I was struck by the faces of those who came to stand and wait. They were both young and old. There were just as many men as there were women. The sounds we heard as we stood across from the theater were the shuffling of thousands of feet and the slamming of car doors as automobiles whisked government officials and movie stars up to the stage door entrance. I rarely heard anyone speak, even in a whisper.

More than anything, the atmosphere outside the theater struck me as a moment of collective solitude. The actor’s fans had come together in enormous numbers, but they were lost in their own private thoughts. Their expressions were somber; their faces shone with dignity.

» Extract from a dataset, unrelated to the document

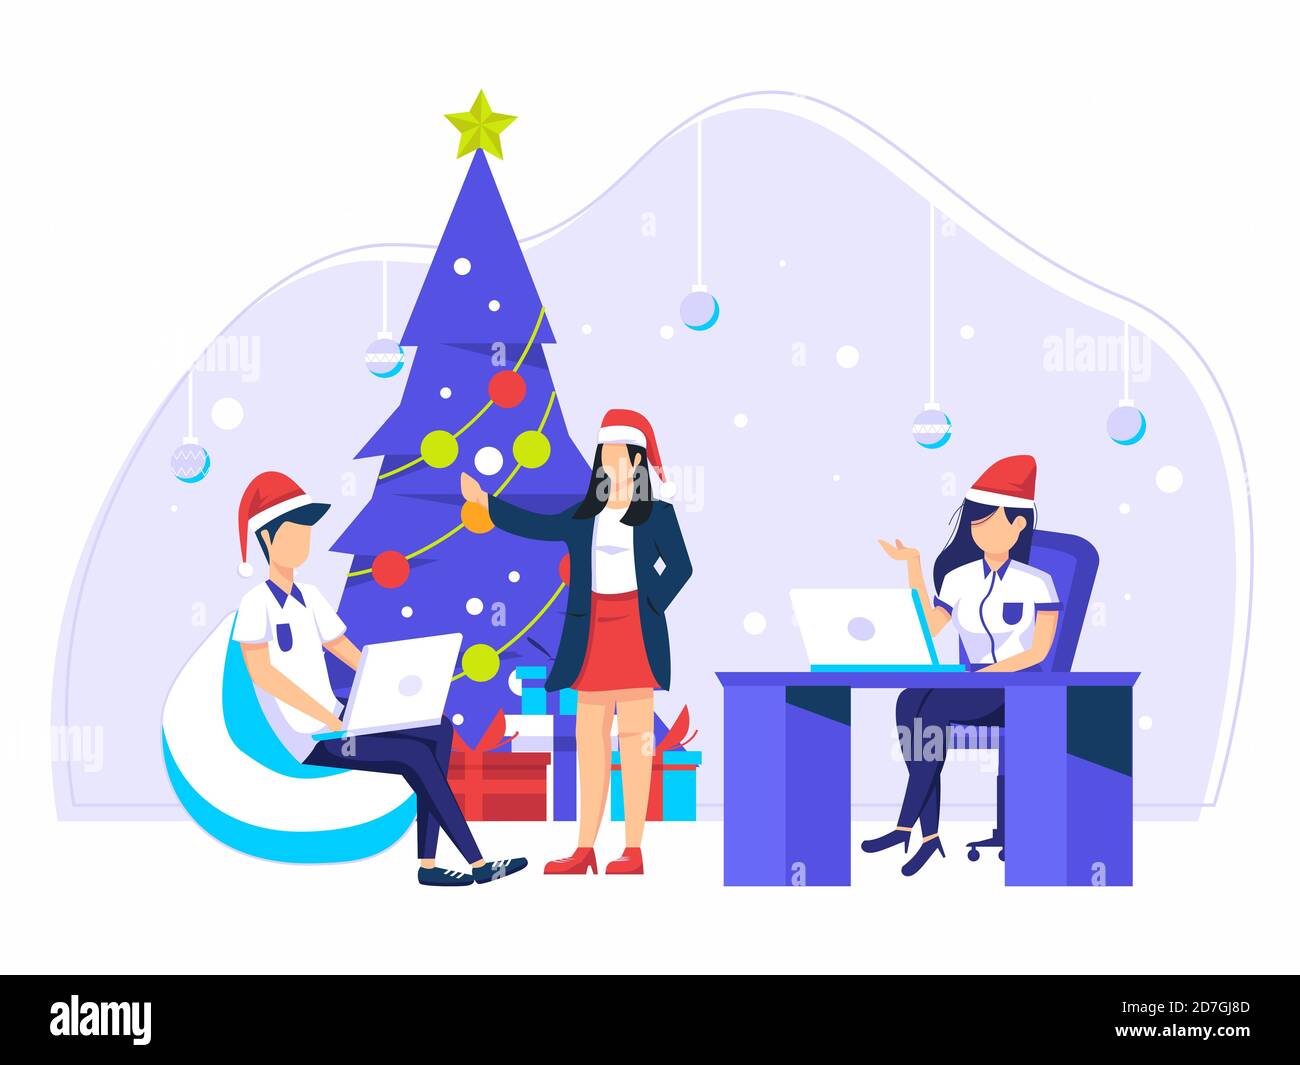 Team work is preparing for the new year, company in the office at work. Flat style vector illustration for web pages, social media, documents, cards. Stock Vector

Everything was done strictly according to custom, with even the weather playing its part: A downpour, a reminder of tears, hit less than half an hour before Yankovsky’s body was to be borne to the hearse. Those who had umbrellas quickly raised them; some squeezed under nearby awnings. Those who lacked either option stood out the rain stoically, as though it had no power to affect them.

The doors of the theater finally opened shortly before 3:30 p.m., and, soon after, the procession of dignitaries led by an actor carrying Yankovsky’s portrait made its way toward the hearse. As is the custom at actors’ funerals, the entire crowd burst into applause, punctuating their cheers with lusty shouts of “bravo!”

This is a bracing, even amazing, ritual, one that is shot through with defiance and a touch of anger — a bit of a fist aimed at heaven. It is also an act that is enveloped in sorrow and resignation. This standing ovation is one no one will ever respond to — no bows; no curtain calls; no smiles. This is applause the crowd offers up out of generosity, love and gratitude, knowing it will receive nothing in return.

On Friday, the ovation for Oleg Yankovsky lasted over 10 minutes. It died down only after the hearse was well on its way to the cemetery.